I have two types (<->) and (<-->) representing isomorphisms between types:
data Iso (m :: k -> k -> *) a b = Iso { to :: m a b, from :: m b a }
type (<->) = Iso (->)
infix 0 <->
data (<-->) a b = Iso' { to' :: a -> b, from' :: b -> a }
infix 0 <-->
The only difference between the two is that (<->) is a specialization of a more general type.
I can coerce (<-->) isomorphisms easily:
coerceIso' :: (Coercible a a', Coercible b b') => (a <--> b) -> (a' <--> b')
coerceIso' = coerce
But I get an error when I try the same with (<->) isomorphisms:
coerceIso :: (Coercible a a', Coercible b b') => (a <-> b) -> (a' <-> b')
coerceIso = coerce
{-
src/Data/Iso.hs:27:13: error:
• Couldn't match type ‘a’ with ‘a'’ arising from a use of ‘coerce’

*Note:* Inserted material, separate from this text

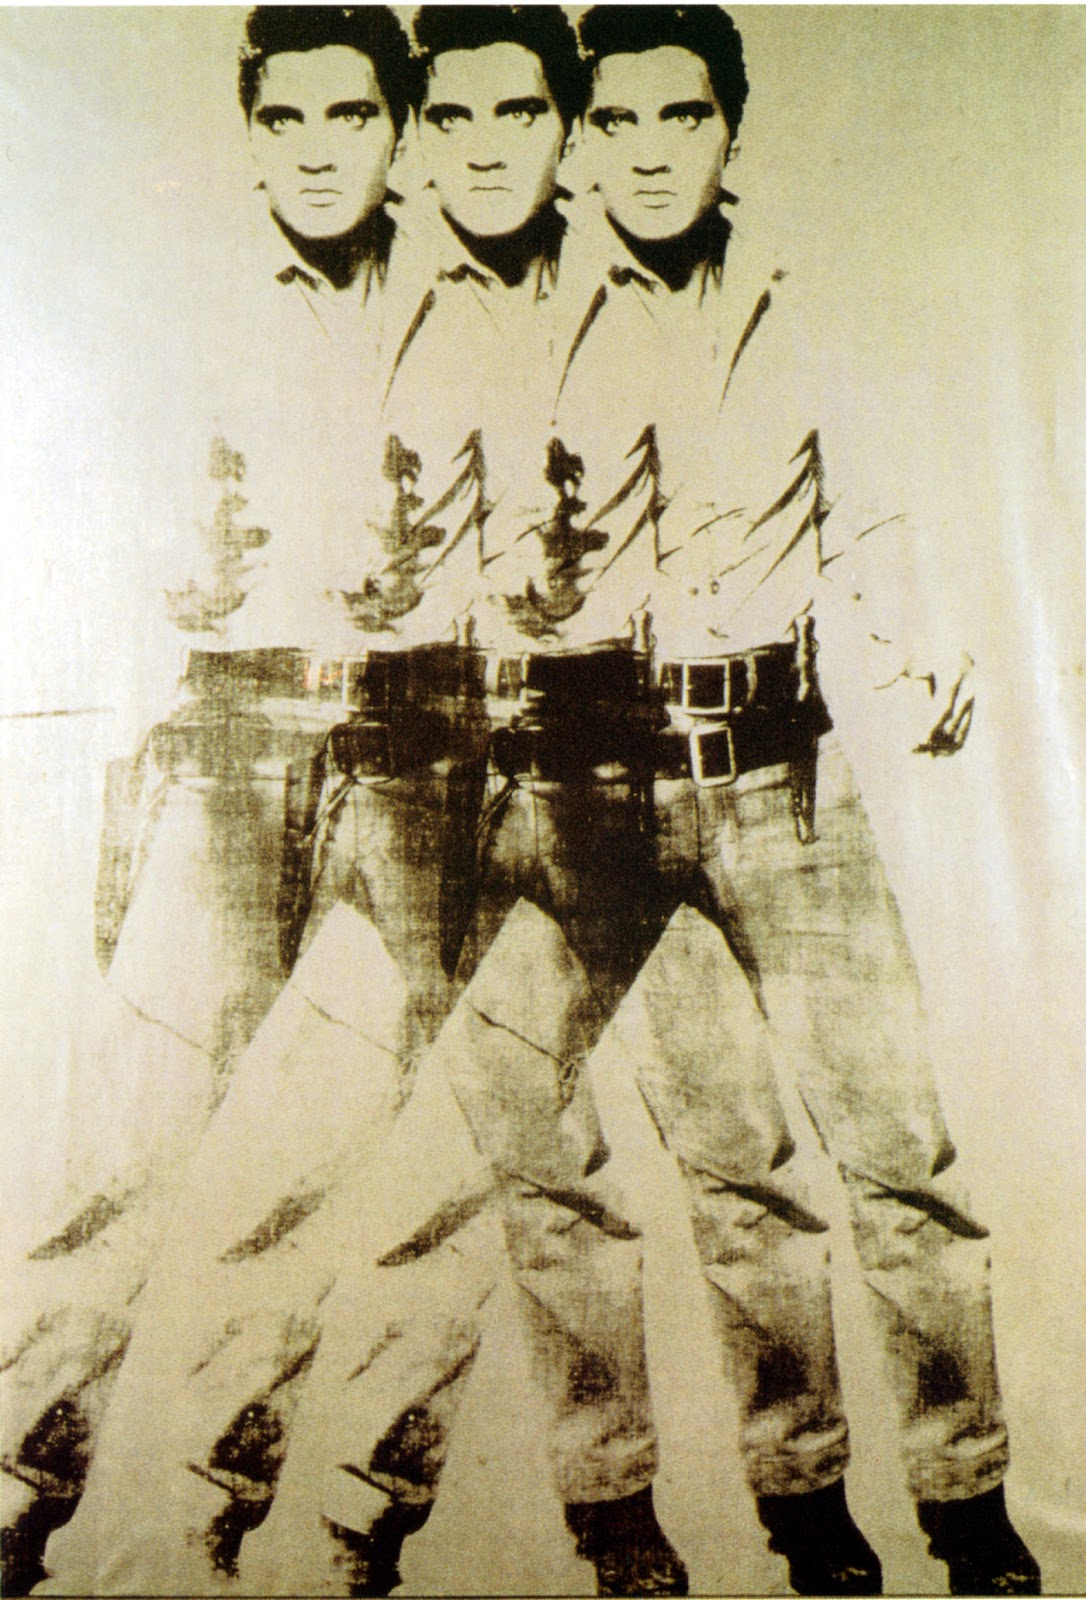 Andy+Warhol-1928-1987 (192).jpg

‘a’ is a rigid type variable bound by
the type signature for:
coerceIso :: forall a a' b b'.
(Coercible a a', Coercible b b') =>
(a <-> b) -> a' <-> b'
at src/Data/Iso.hs:25:1-73
‘a'’ is a rigid type variable bound by
the type signature for:
coerceIso :: forall a a' b b'.
(Coercible a a', Coercible b b') =>
(a <-> b) -> a' <-> b'
at src/Data/Iso.hs:25:1-73
-}
My current work-around is to coerce the forwards and backwards functions separately:
coerceIso :: (Coercible a a', Coercible b b') => (a <-> b) -> (a' <-> b')
coerceIso (Iso f f') = Iso (coerce f) (coerce f')
But why is such a workaround is necessary? Why can't (<->) be coerced directly?
The problem lies in the roles of the arguments m in your general Iso type.
Consider:
data T a b where
K1 :: Int -> T () ()
K2 :: String -> T () (Identity ())
type (<->) = Iso T
You can't really expect to be able to convert T () () into T () (Identity ()) even if () and Identity () are coercible.
You would need something like (pseudo code):
type role m representational representational =>
(Iso m) representational representational
but this can not be done in current Haskell, I believe.